Robert Redford, einer der bedeutendsten amerikanischen Schauspieler und Regisseure der zweiten Hälfte des 20. Jahrhunderts, ist im Alter von 89 Jahren gestorben. Einer offiziellen Mitteilung zufolge ist er in seinem Haus im US-Bundesstaat Utah friedlich im Schlaf verstorben. Mit seinem Tod geht eine Ära zu Ende, die Hollywood und die Welt des unabhängigen Films tiefgreifend beeinflusst hat.
Redfords schauspielerischer Charme und seine natürliche Ausstrahlung öffneten ihm in den 1960er Jahren den Weg zu Filmrollen. Der Durchbruch gelang ihm mit Butch Cassidy und Sundance Kidwo er an der Seite von Paul Newman den legendären Banditen Sundance Kid spielte. Der Film wurde ein Klassiker und legte den Grundstein für seinen weltweiten Ruhm. Es folgten Hits wie Kratzer (Der Clou), mit dem er und Newman erneut große Erfolge feierten, oder das politische Drama Alle Männer des Präsidenten (All the President's Men), in dem Redford den Reporter Bob Woodward spielte. Diese Rollen machten ihn zu einem der größten Stars seiner Generation und ermöglichten es ihm, kommerziellen Erfolg mit künstlerischem Wert zu verbinden.

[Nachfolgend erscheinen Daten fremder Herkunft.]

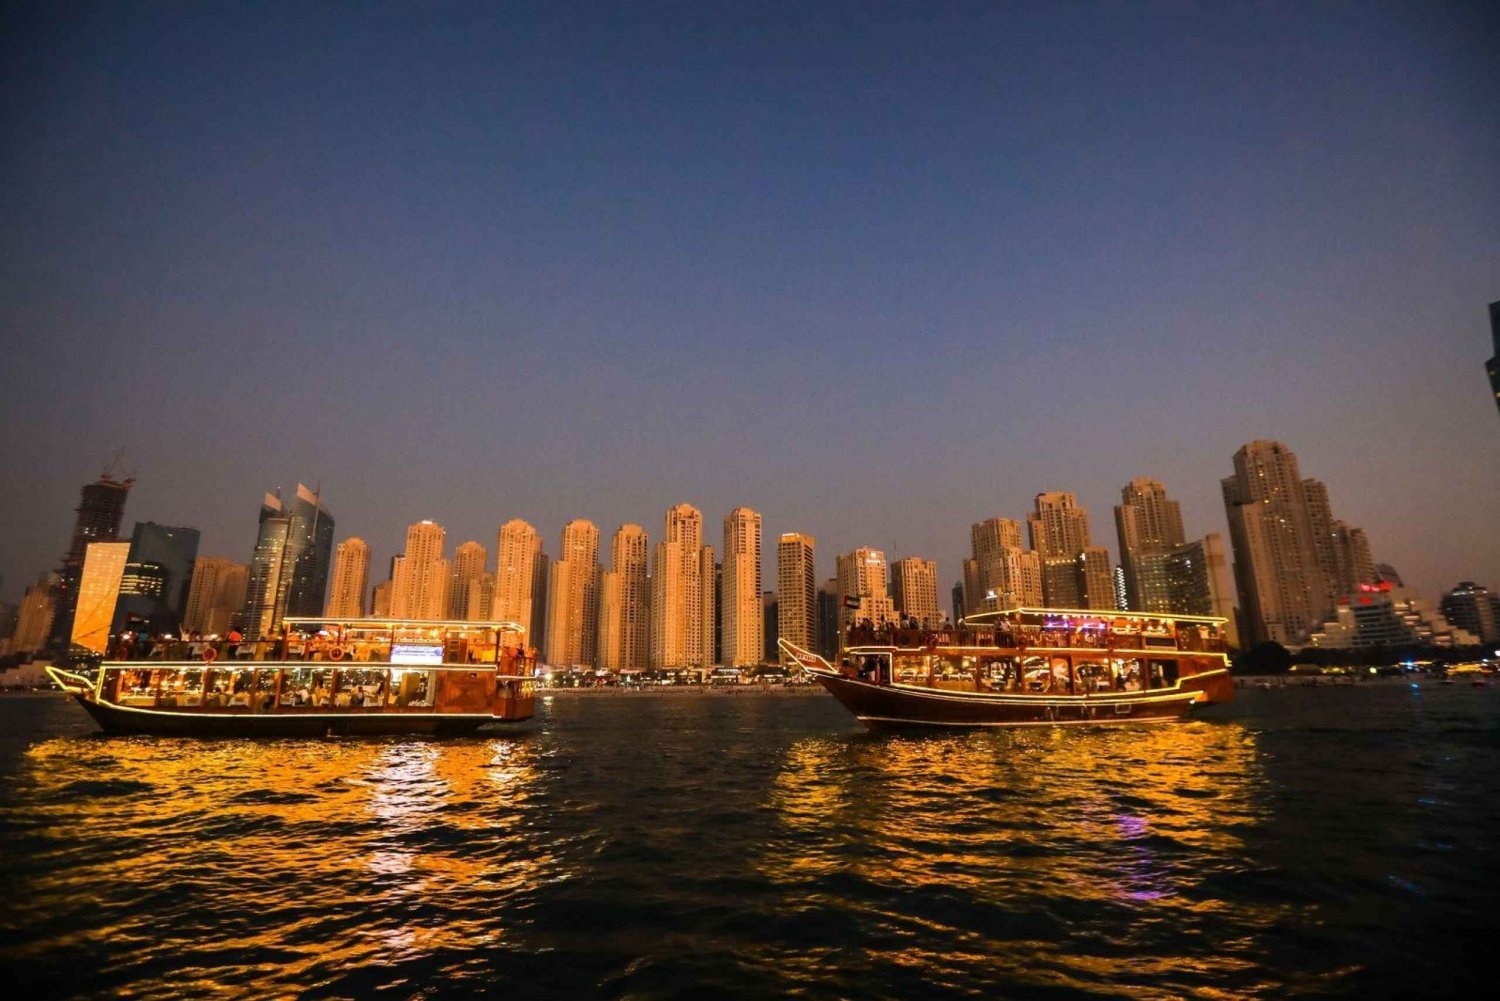 Cena en el lujoso crucero en dhow de Dubai (buffet internacional)

In den frühen 1980er Jahren wechselte Redford auch hinter die Kamera. Sein Regiedebüt Gewöhnliche Menschen (Gewöhnliche Menschen) wurde zu einer Sensation - er gewann vier Oscars, darunter den für den besten Film, und Redford nahm die Regie-Statuette mit nach Hause. Damit gehört er definitiv zu den Filmemachern, die sowohl vor als auch hinter der Kamera brillieren können. In den folgenden Jahren drehte er eine Reihe von Filmen, die starke schauspielerische Leistungen mit einer einfühlsamen Erzählweise kombinierten, darunter Blume der Wüste oder Die Legende der Passion.
Ein wichtiger Teil von Redfords Vermächtnis ist jedoch sein Einsatz für den unabhängigen Film. Im Jahr 1981 gründete er das Sundance Institute und einige Jahre später das berühmte Sundance Film Festival. Es hat sich zur größten Plattform für unabhängige Filmemacher in den USA entwickelt und ist der Ort, an dem Regisseure wie Quentin Tarantino, Steven Soderbergh und Darren Aronofsky ihr Debüt geben konnten. Sundance hat somit das Gesicht des amerikanischen Kinos entscheidend verändert, und Redford hat sich einen Ruf als Visionär und Förderer junger Talente erworben.
Außerhalb des Films engagiert sich Redford seit langem für den Umweltschutz. Er ist ein lautstarker Verfechter der Natur und hat Projekte unterstützt, die sich mit Nachhaltigkeit und Ökologie befassen. Er hat zahlreiche Auszeichnungen für seine Arbeit in der Kunst und darüber hinaus erhalten, darunter Ehren-Oscars, Golden Globes und den President's Award for Cultural Achievement.
Robert Redford hat unauslöschliche Spuren in der Filmgeschichte hinterlassen. Mit seinem Tod schließt sich ein Kapitel, das nicht nur das Publikum in aller Welt, sondern auch Generationen von Filmemachern inspiriert hat. Er wird als Schauspieler mit dem Herzen eines Rebellen, als Regisseur mit einem Gespür für menschliche Dramen und als Gründer, der dem unabhängigen Film eine neue Heimat gab, in Erinnerung bleiben.